§ **Work required**
Without copying any picture, transcribe exactly the lines of the data below from the one containing "(VR) FSVSS-007 魅惑のドスケベ巨乳お姉さんに焦らしに焦らされるベロチュー淫語責めM性感プレイ7射精" through the one containing "b7ae38400a2 Visofree Mink".

§ **Data provided**
»»
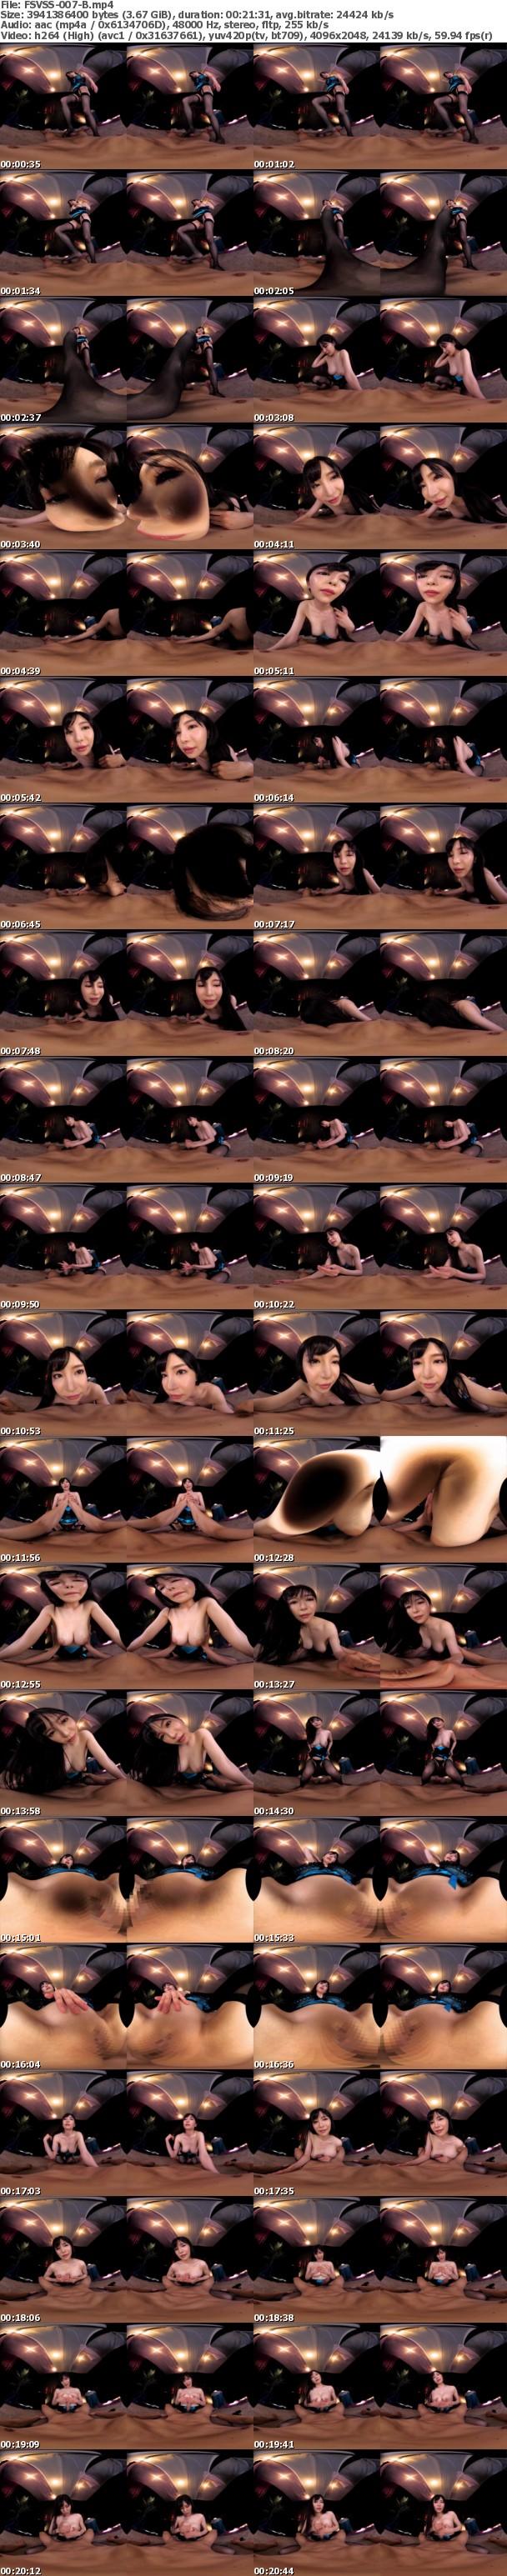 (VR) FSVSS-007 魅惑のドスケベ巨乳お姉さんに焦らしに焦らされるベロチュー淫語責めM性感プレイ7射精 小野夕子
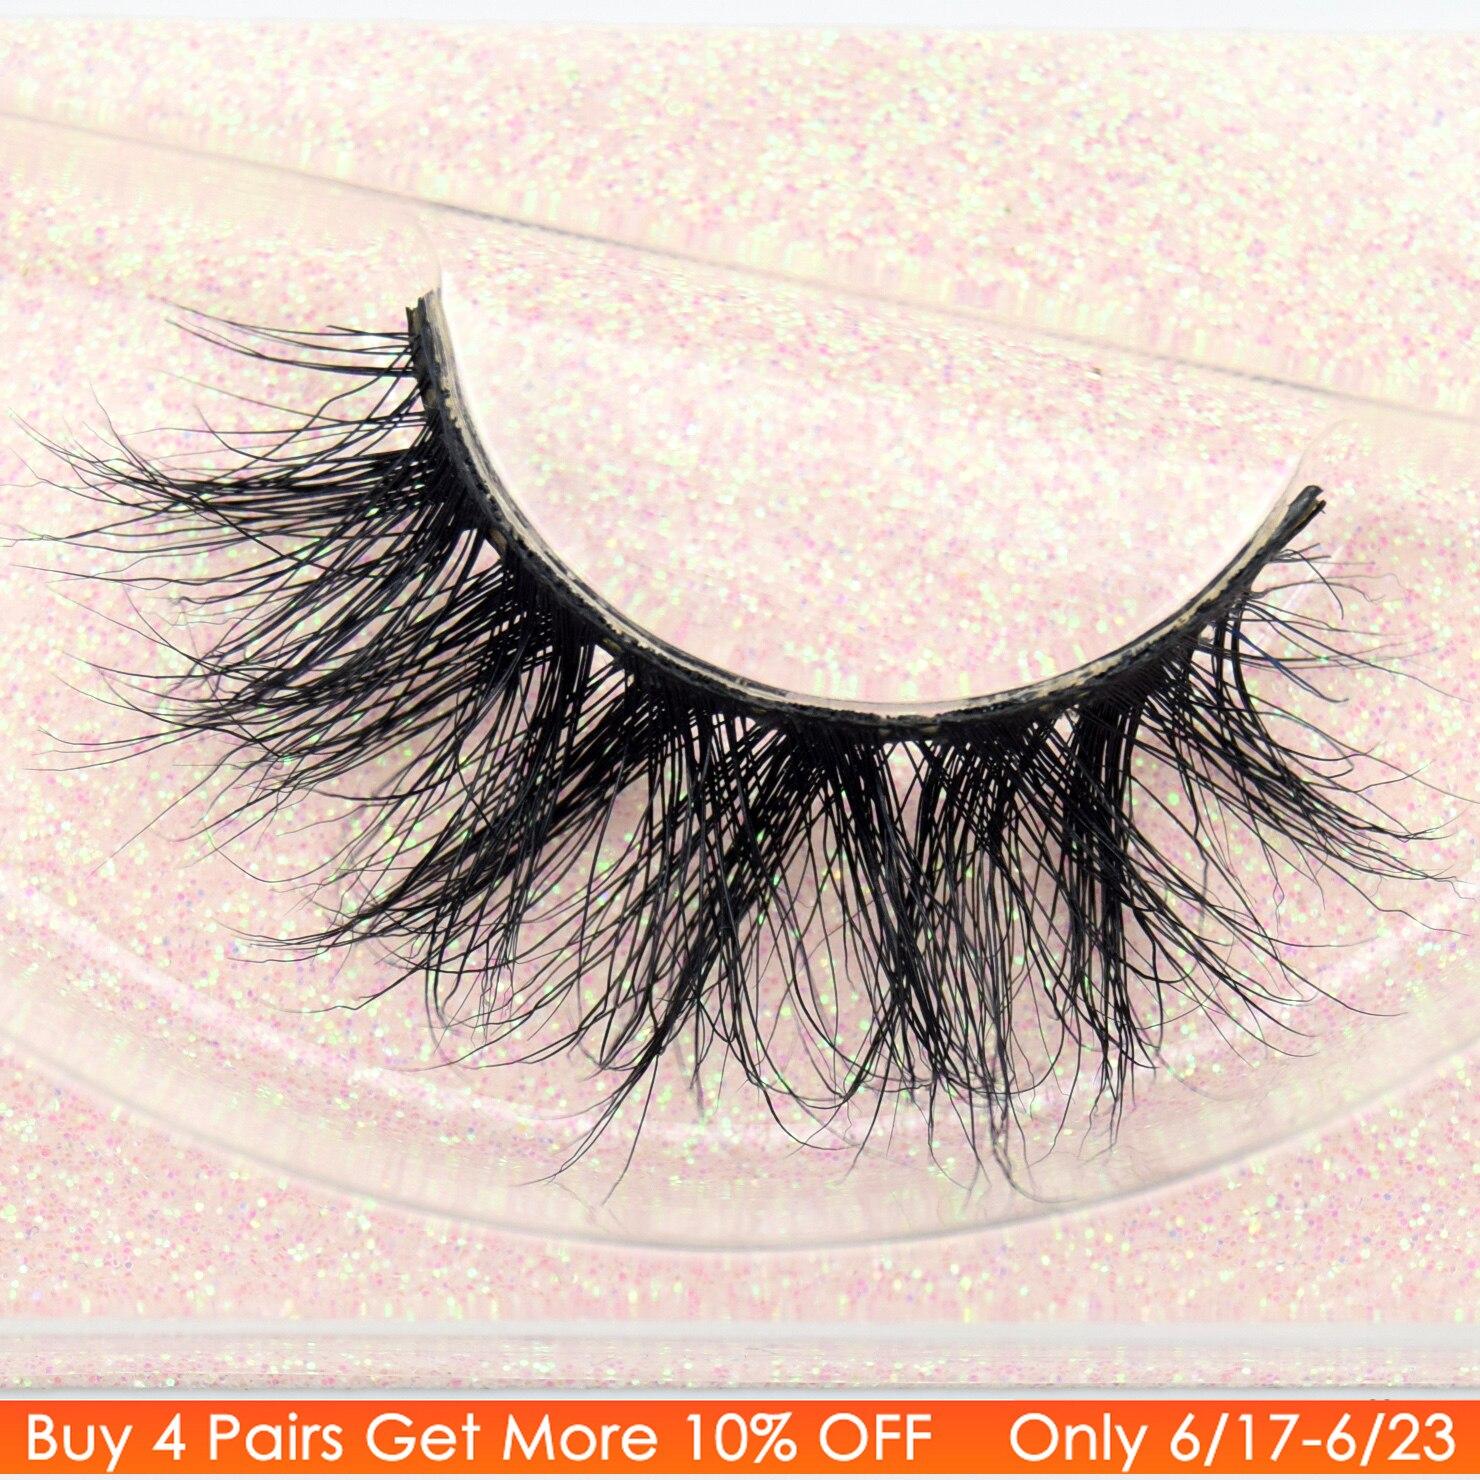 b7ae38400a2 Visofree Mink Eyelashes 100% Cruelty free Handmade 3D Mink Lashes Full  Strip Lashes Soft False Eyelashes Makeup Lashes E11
««
»»
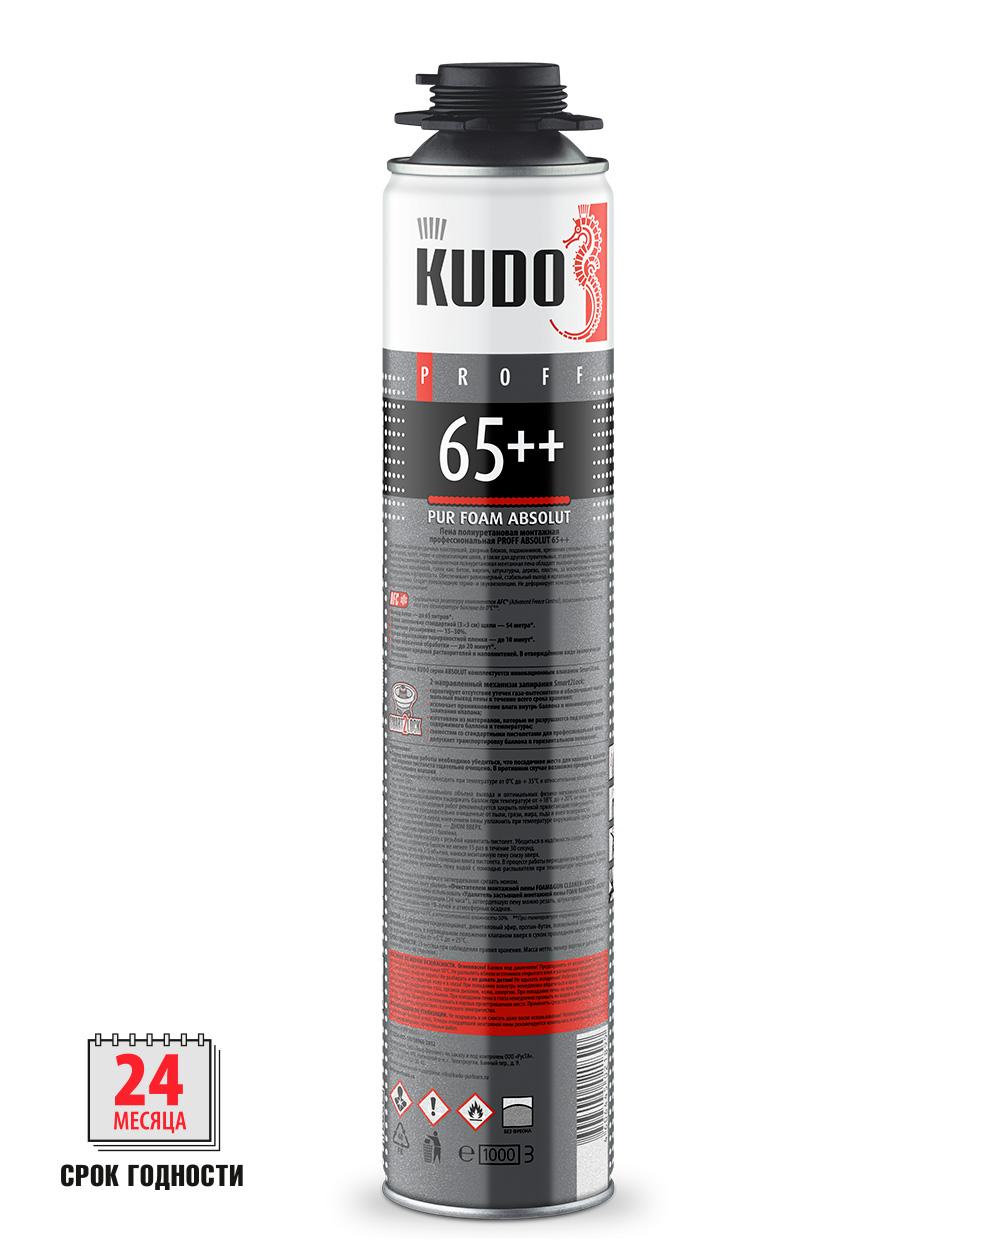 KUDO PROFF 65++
««
§ **Final answer**
 (VR) FSVSS-007 魅惑のドスケベ巨乳お姉さんに焦らしに焦らされるベロチュー淫語責めM性感プレイ7射精 小野夕子
 b7ae38400a2 Visofree Mink Eyelashes 100% Cruelty free Handmade 3D Mink Lashes Full  Strip Lashes Soft False Eyelashes Makeup Lashes E11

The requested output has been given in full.